Output every line from the beginning of the records through the line that contains "T-shirt noir avec", exactly as it appears.

[Start of Attachment]

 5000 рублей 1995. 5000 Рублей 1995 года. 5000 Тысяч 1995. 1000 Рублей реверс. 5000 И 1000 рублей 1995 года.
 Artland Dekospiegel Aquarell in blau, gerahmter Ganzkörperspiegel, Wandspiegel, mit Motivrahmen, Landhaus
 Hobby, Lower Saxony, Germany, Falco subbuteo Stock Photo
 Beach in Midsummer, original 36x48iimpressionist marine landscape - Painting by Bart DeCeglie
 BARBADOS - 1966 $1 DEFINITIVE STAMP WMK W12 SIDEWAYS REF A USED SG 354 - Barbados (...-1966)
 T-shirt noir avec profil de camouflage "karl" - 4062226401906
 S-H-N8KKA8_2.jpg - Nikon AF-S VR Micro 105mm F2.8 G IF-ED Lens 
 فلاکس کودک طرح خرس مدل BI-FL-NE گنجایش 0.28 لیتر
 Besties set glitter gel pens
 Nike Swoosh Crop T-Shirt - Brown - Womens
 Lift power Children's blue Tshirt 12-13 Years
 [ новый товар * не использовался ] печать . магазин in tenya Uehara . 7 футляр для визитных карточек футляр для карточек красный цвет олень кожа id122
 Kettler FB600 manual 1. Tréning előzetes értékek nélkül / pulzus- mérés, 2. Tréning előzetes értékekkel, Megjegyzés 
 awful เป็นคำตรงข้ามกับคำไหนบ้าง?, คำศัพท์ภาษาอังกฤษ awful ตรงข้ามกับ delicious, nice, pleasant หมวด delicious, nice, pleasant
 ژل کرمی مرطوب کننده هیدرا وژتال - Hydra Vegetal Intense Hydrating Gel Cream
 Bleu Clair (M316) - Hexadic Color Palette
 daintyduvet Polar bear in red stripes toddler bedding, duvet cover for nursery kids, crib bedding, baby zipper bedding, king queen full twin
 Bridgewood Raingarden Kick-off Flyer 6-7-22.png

[End of Attachment]

• **PROBLEM SOLUTION**
 5000 рублей 1995. 5000 Рублей 1995 года. 5000 Тысяч 1995. 1000 Рублей реверс. 5000 И 1000 рублей 1995 года.
 Artland Dekospiegel Aquarell in blau, gerahmter Ganzkörperspiegel, Wandspiegel, mit Motivrahmen, Landhaus
 Hobby, Lower Saxony, Germany, Falco subbuteo Stock Photo
 Beach in Midsummer, original 36x48iimpressionist marine landscape - Painting by Bart DeCeglie
 BARBADOS - 1966 $1 DEFINITIVE STAMP WMK W12 SIDEWAYS REF A USED SG 354 - Barbados (...-1966)
 T-shirt noir avec profil de camouflage "karl" - 4062226401906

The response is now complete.